B 60        VOERTUIGEN IN HET ALGEMEEN

 

              Aantekening

 

              In deze klasse wordt de volgende term gebruikt met de aangegeven betekenis:

              -         “voertuig” betekent alle voertuigen behalve die welke zijn beperkt tot één van de volgende soorten voertuigen: railvoertuigen, vaartuigen, vliegtuigen, ruimtevaartuigen, handkarren, fietsen, door dieren getrokken voertuigen en sleden, welke vallen onder de relevante subklassen van B61 tot B64.

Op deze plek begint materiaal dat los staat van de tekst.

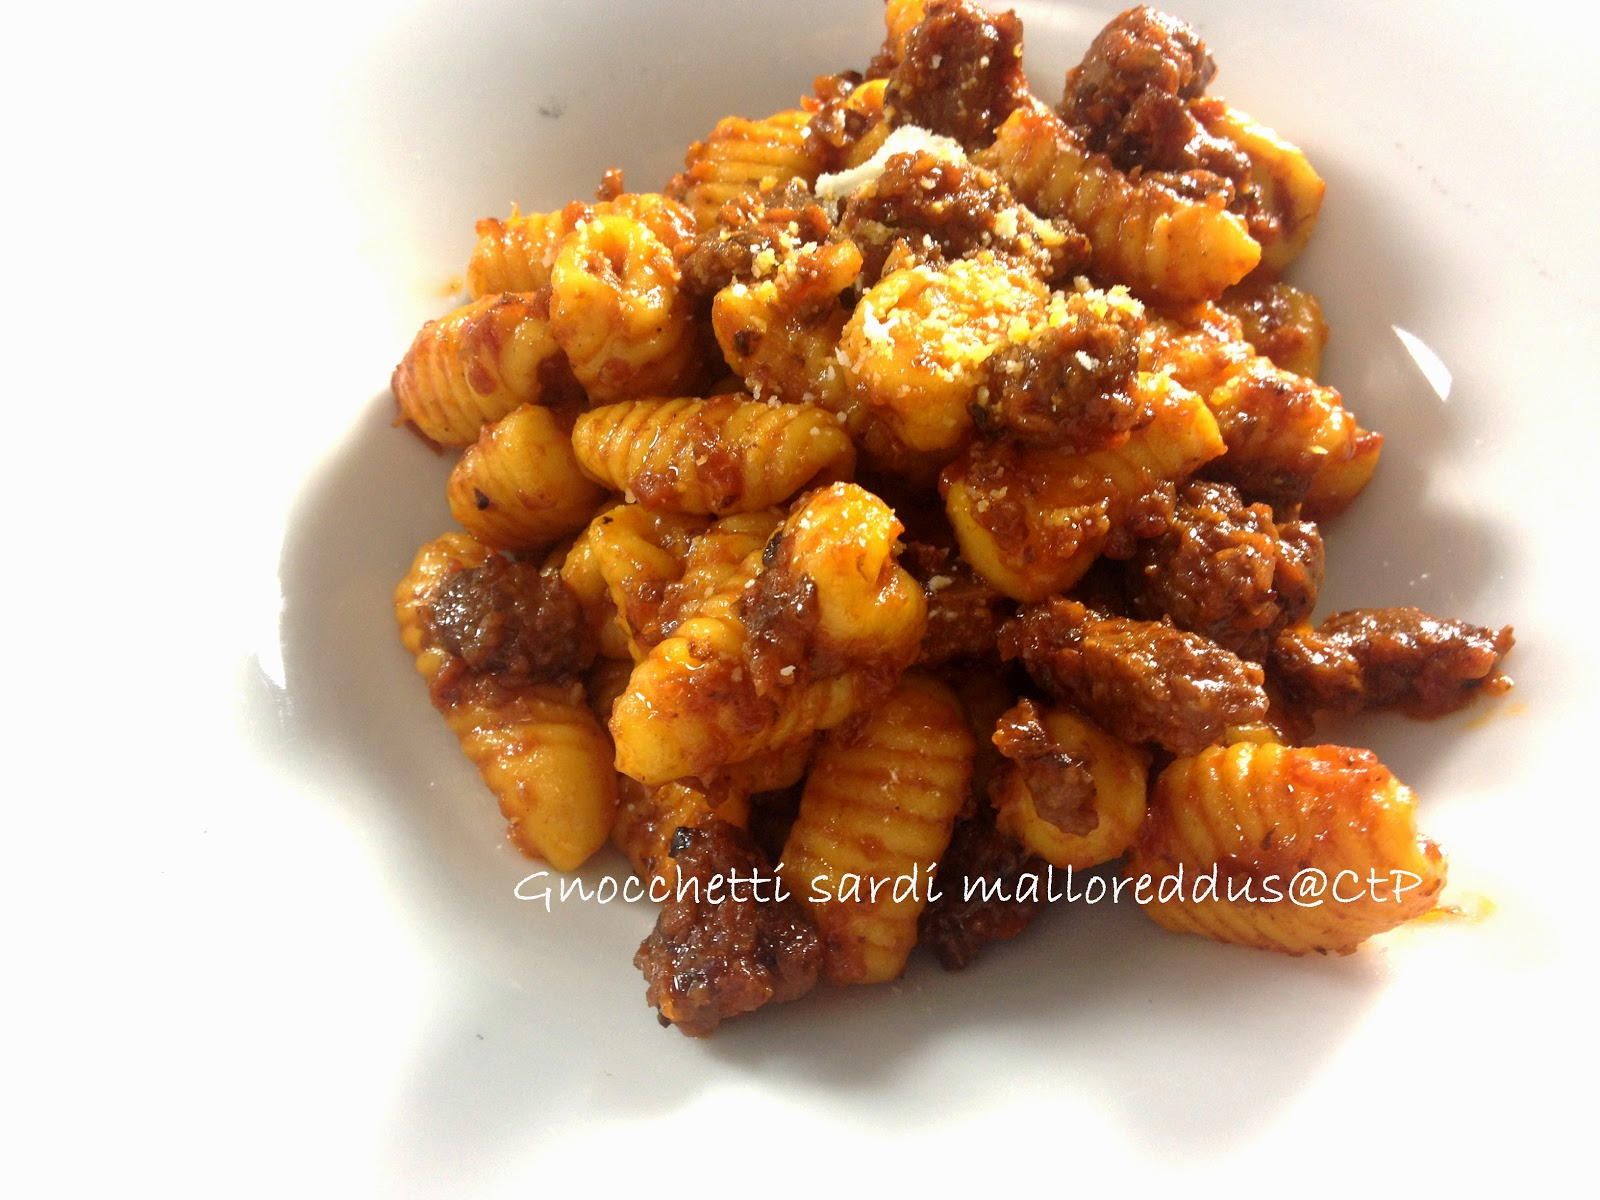 gnocchetti sardi malloreddus con ragu di salsiccia  e cipolla

              De term “voertuig” omvat dus:

              -         voertuigkenmerken die horen bij meer dan één van de eerder opgesomde soorten;

              -         bepaalde kenmerken die zijn beperkt tot personenwagens, vrachtwagens of terreinwagens.

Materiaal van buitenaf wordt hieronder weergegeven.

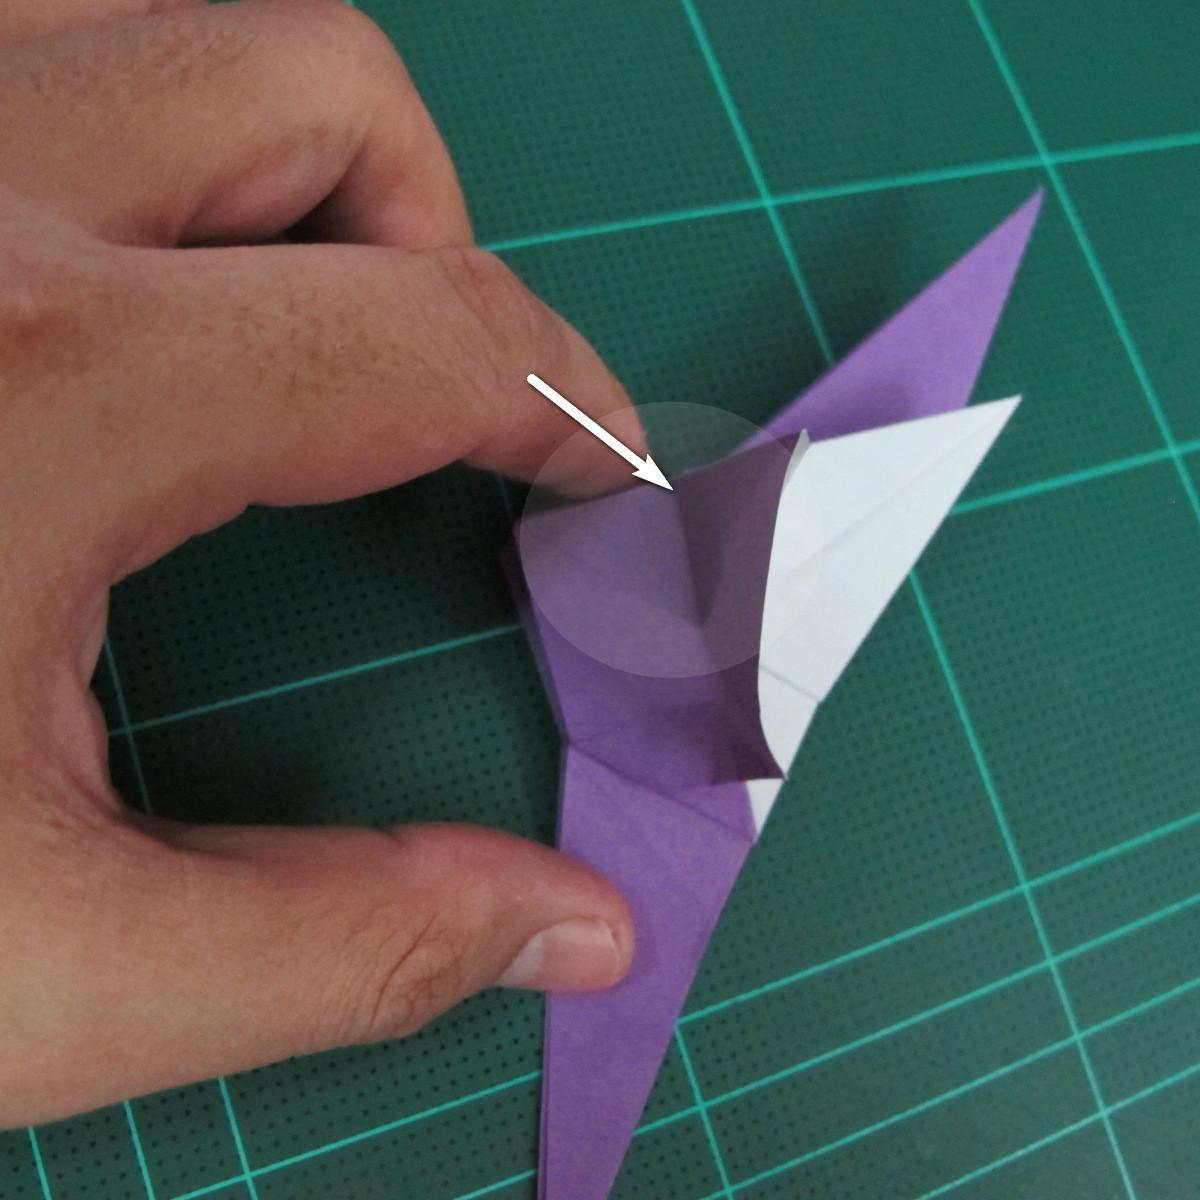 วิธีพับกระดาษเป็นรูปนกอินทรี (Origami Eagle) 017

              De volgende uitzonderingen hierop verdienen de aandacht:

              (a)      subklasse B60B of B60C omvat alle voertuigwielen en voertuigbanden, behalve wielen voor rolschaatsen A63C 17/22, wielen voor modelspoorrailvoertuigen A63H 19/22 en speciale aanpassingen van wielen of banden voor vliegtuigen B64C 25/36;

              (b)      subklasse B60C omvat het verbinden van kleppen met opblaasbare elastische lichamen in het algemeen, en is in dit opzicht niet beperkt tot voertuigen;

              (c)      subklasse B60L omvat bepaalde elektrische uitrusting van alle elektrisch aangedreven voertuigen;

              (d)      subklasse B60M omvat bepaalde uitrusting voor de stroomtoevoer bij, maar los van, alle soorten elektrisch aangedreven voertuigen;

              (e)      subklasse B60R omvat veiligheidsriemen of veiligheidstuigen die worden gebruikt in alle soorten landvoertuigen; [4]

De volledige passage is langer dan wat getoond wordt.